Interactive Apache Spark 4.1 learning environment — a VS Code extension with Claude-powered tutoring that turns your IDE into a hands-on Spark classroom.
Watch the full demo on YouTube
SparkTutor is a learn-by-doing environment for Apache Spark 4.1. Instead of watching videos or reading docs, you write real PySpark code in VS Code with an AI tutor guiding you through structured lessons — from creating your first SparkSession to building a complete bronze-silver-gold data pipeline.
Key features:
- Real code editor — write PySpark in Monaco with full syntax highlighting, autocomplete, and bracket matching
- Guided lessons — 8 lessons covering SparkSession, transforms, I/O, pipeline framework, bronze/silver/gold layers, and full pipeline assembly
- Depth levels — beginner (skeleton code + TODOs), intermediate (structural hints), advanced (just the objective)
- AI-powered feedback — submit code and get categorized feedback: bugs, conventions, and best practices (via Claude or GitHub Copilot)
- AI tutor chat — ask questions about your code or Spark concepts, grounded in official Spark 4.1 documentation
- Zero-config in Codespaces — works with GitHub Copilot out of the box, no API key needed
- Cumulative exercises — code persists across steps so a SparkSession you build in step 3 is still there in step 7
- Session resume — close VS Code, come back later, pick up where you left off
┌─ VS Code ──────────────────────────────────────────────────┐
│ ┌─ Activity Bar ─┐ ┌─ Editor ──────┐ ┌─ Lesson Panel ───┐ │
│ │ Courses │ │ (Monaco) │ │ (Webview) │ │
│ │ └ Lesson 1 ✓ │ │ from pyspark │ │ Step 3/8 │ │
│ │ └ Lesson 2 ● │ │ df = spark... │ │ Create a DF... │ │
│ │ └ Lesson 3 │ │ df.show() │ │ │ │
│ │ │ │ │ │ [Hint] [Submit] │ │
│ │ │ │ │ │ ── Ask Tutor ── │ │
│ │ │ │ │ │ > question_ │ │
│ └────────────────┘ └───────────────┘ └──────────────────┘ │
│ ● Lakehouse │ Step 3/8 │ Beginner │ AI: Claude Status Bar │
└────────────────────────────────────────────────────────────┘
The extension uses a bridge pattern: TypeScript spawns a Python JSON-lines server (python -m sparktutor.server) that wraps the engine layer. Communication is via stdin/stdout — no HTTP, no ports, no configuration.

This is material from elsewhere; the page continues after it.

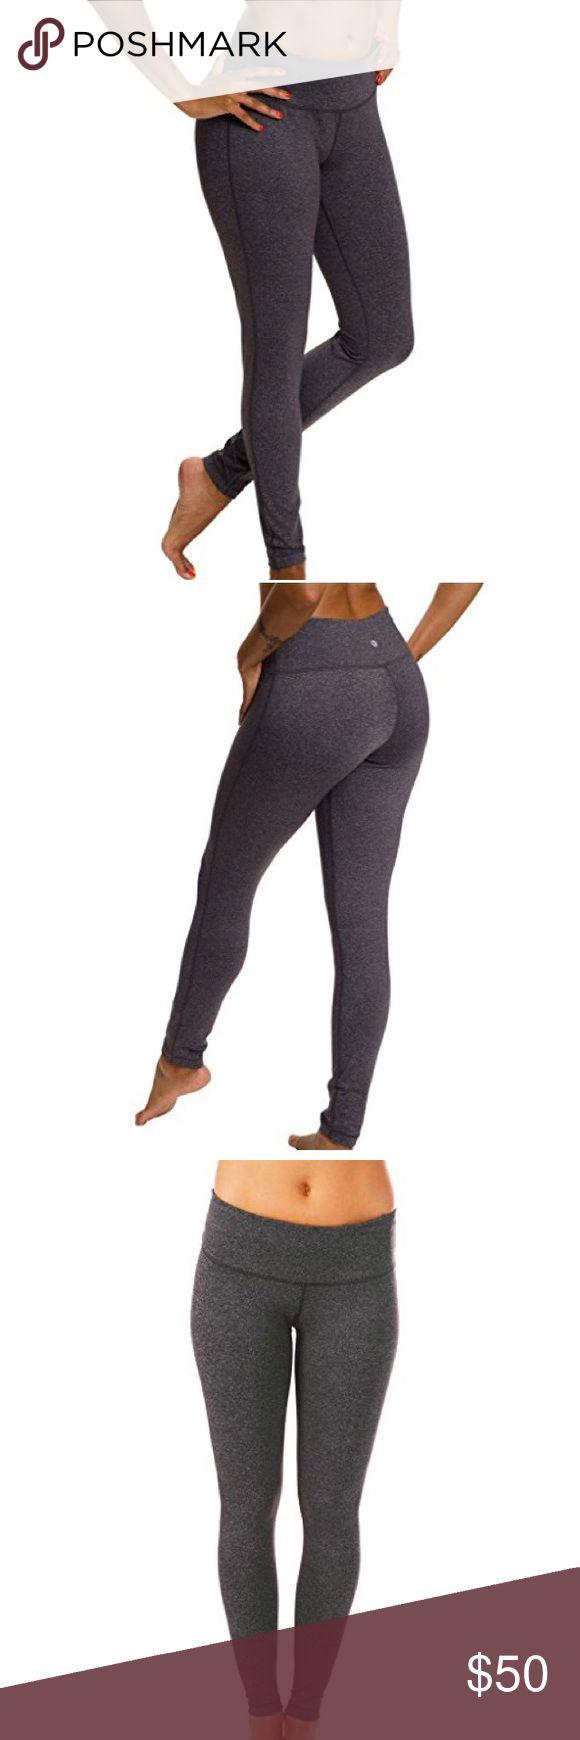 NWT 90 DEGREES BY REFLEX GRAY LEGGINGS SIZE MED NWT 90 Degree by Reflex charcoal gray leggings. Size medium 90 Degrees by Reflex Pants Leggings
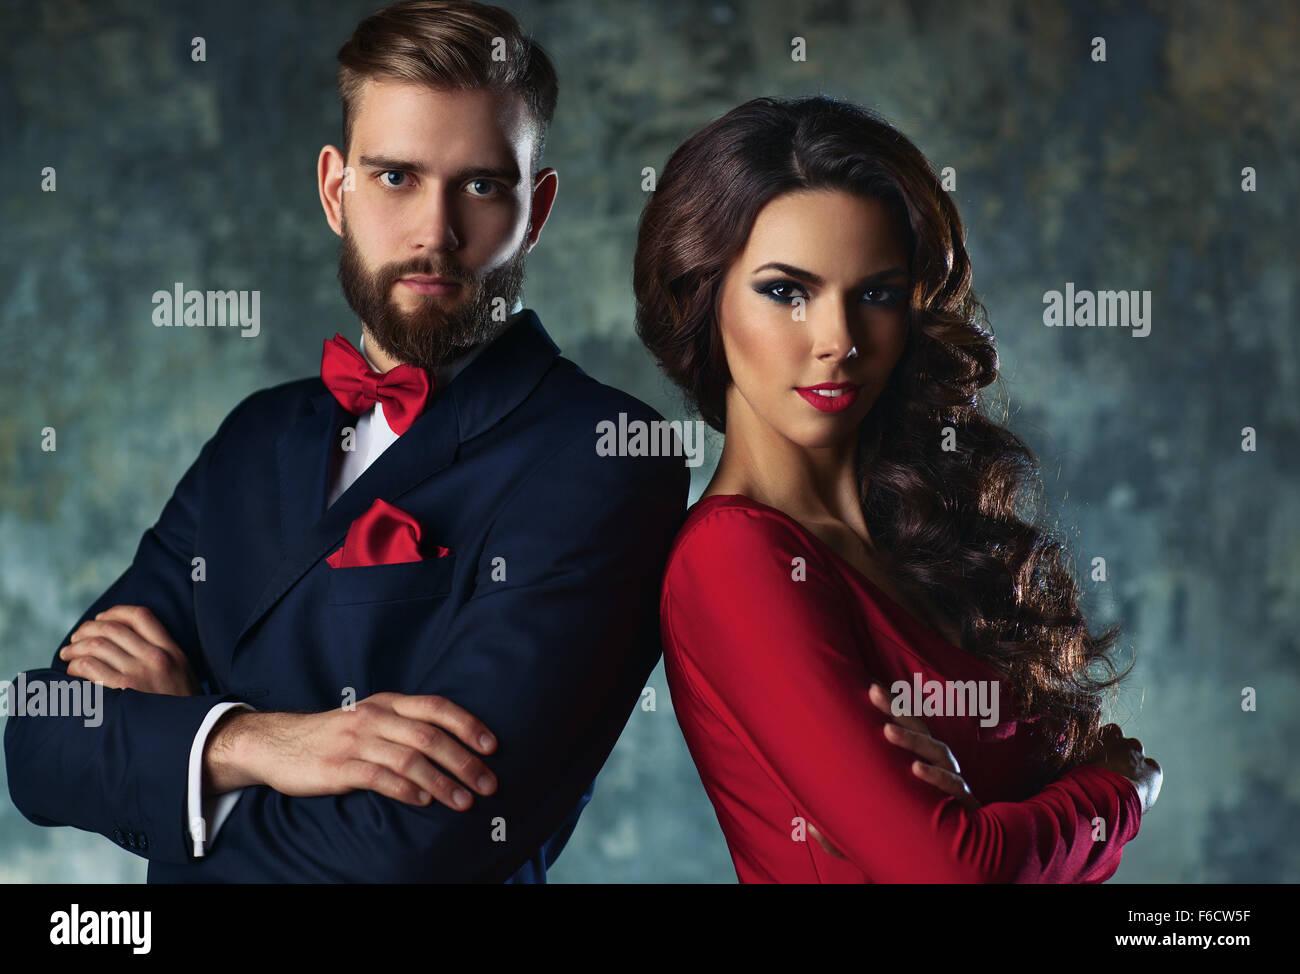 db44e55151157 Young elegant couple in evening dress portrait. Standing shoulder to  shoulder.

Click the button below to launch a fully configured environment in your browser — no local install needed:
The Codespace automatically installs all dependencies, builds the extension, and opens the SparkTutor sidebar. If you have a GitHub Copilot subscription, AI-powered code review and chat work out of the box — no API key required.
- VS Code 1.93+
- Python 3.10+
- Node.js 20+ (for building the extension)
# Clone the repo
git clone https://github.com/lisancao/sparktutor.git
cd sparktutor
# Install Python dependencies
pip install -e .
# Build and install the VS Code extension
cd sparktutor-vscode
npm install
bash package-vsix.sh
code --install-extension sparktutor-0.3.0.vsixThen reload VS Code (Ctrl+Shift+P → "Reload Window").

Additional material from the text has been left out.